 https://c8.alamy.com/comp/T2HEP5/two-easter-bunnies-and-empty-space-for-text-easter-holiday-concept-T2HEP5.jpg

_ _ _ _

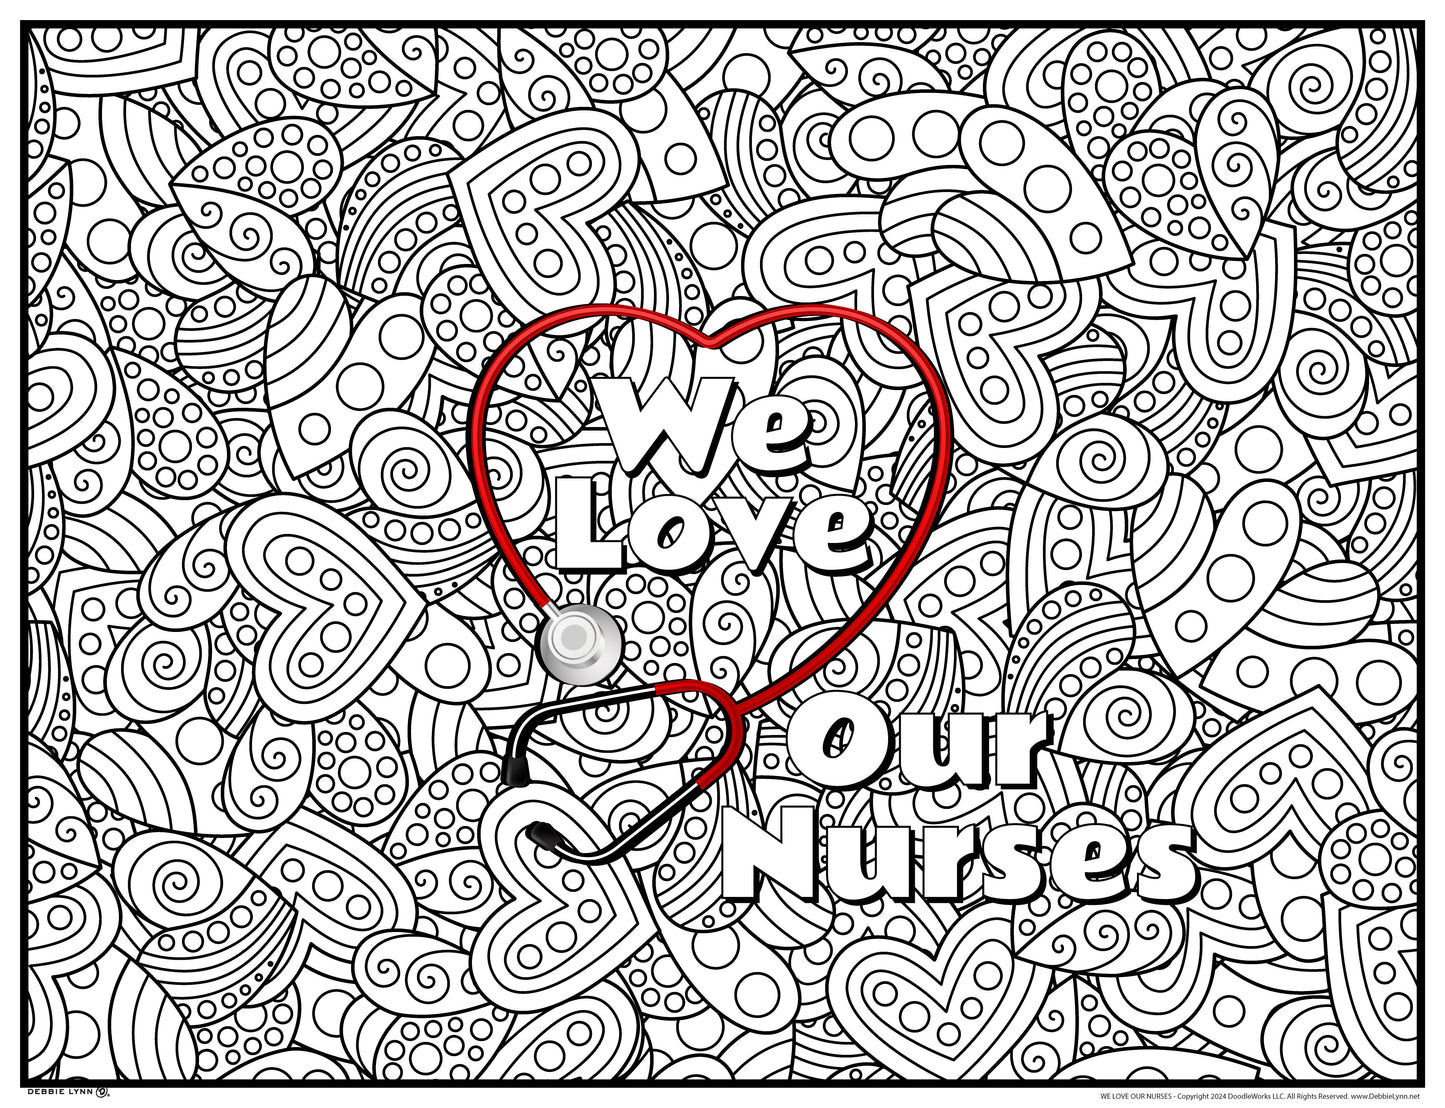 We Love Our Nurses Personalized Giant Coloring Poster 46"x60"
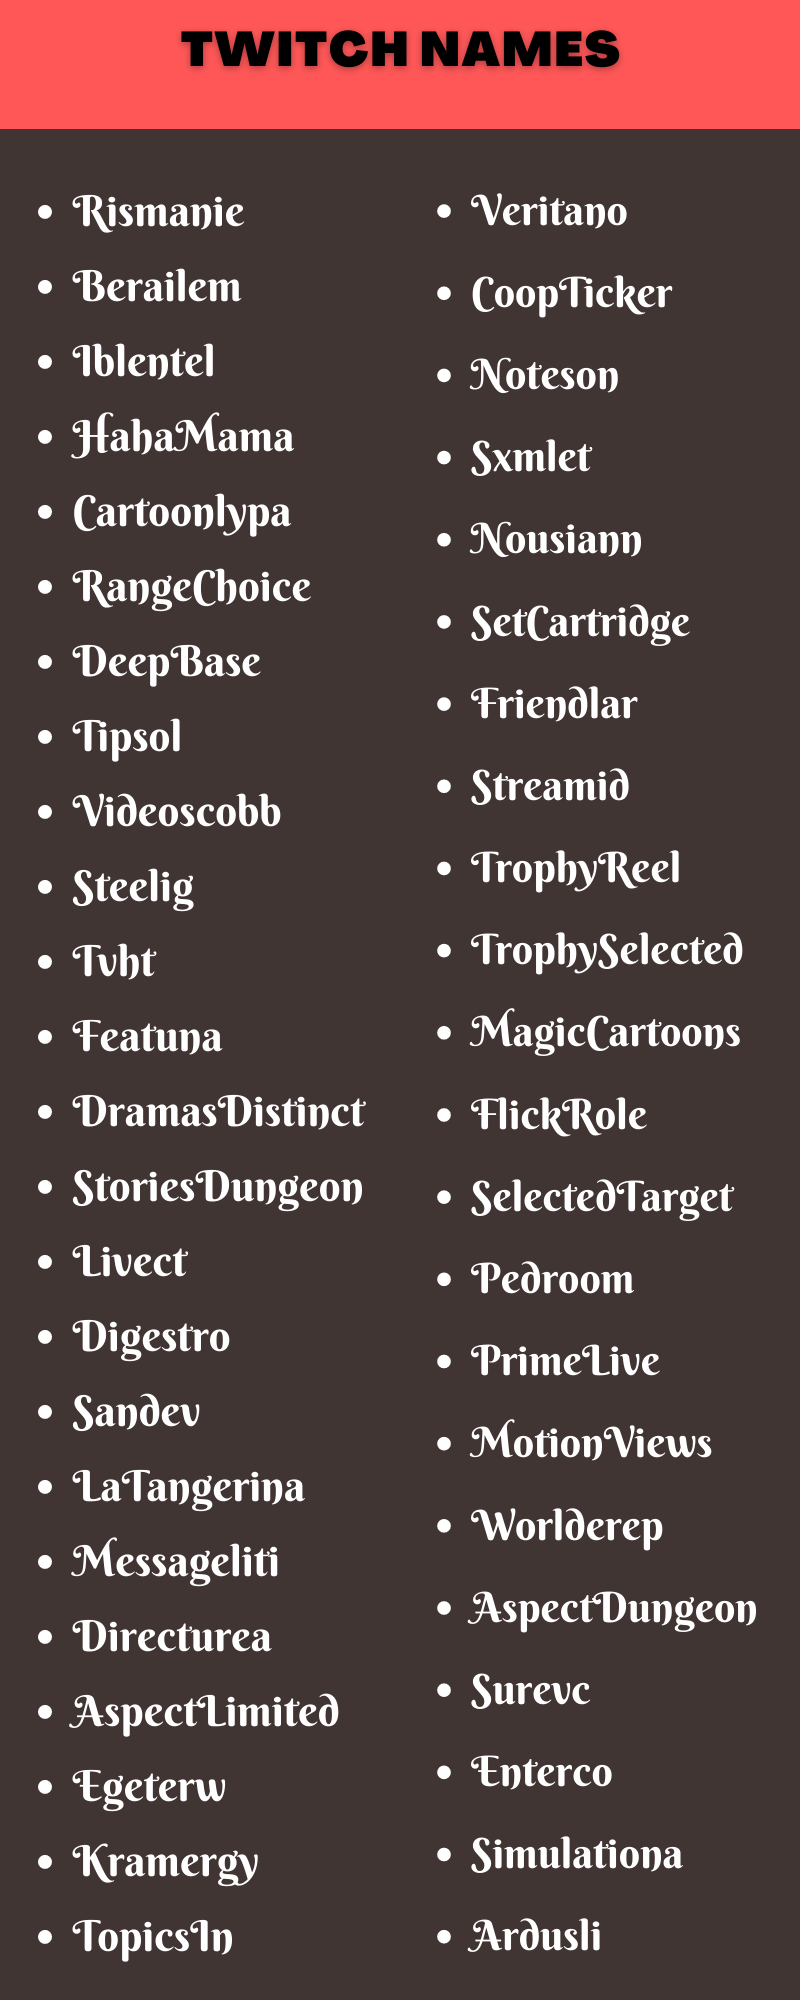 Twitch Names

_ _ _ _

**DIRECTIONS FOR THIS TASK:** Your output should be the lines above from the one that contains "We Love Our" through the one that contains "Twitch Names", word for word, with pictures left out.

**OUTPUT BELOW:**
 We Love Our Nurses Personalized Giant Coloring Poster 46"x60"
 Twitch Names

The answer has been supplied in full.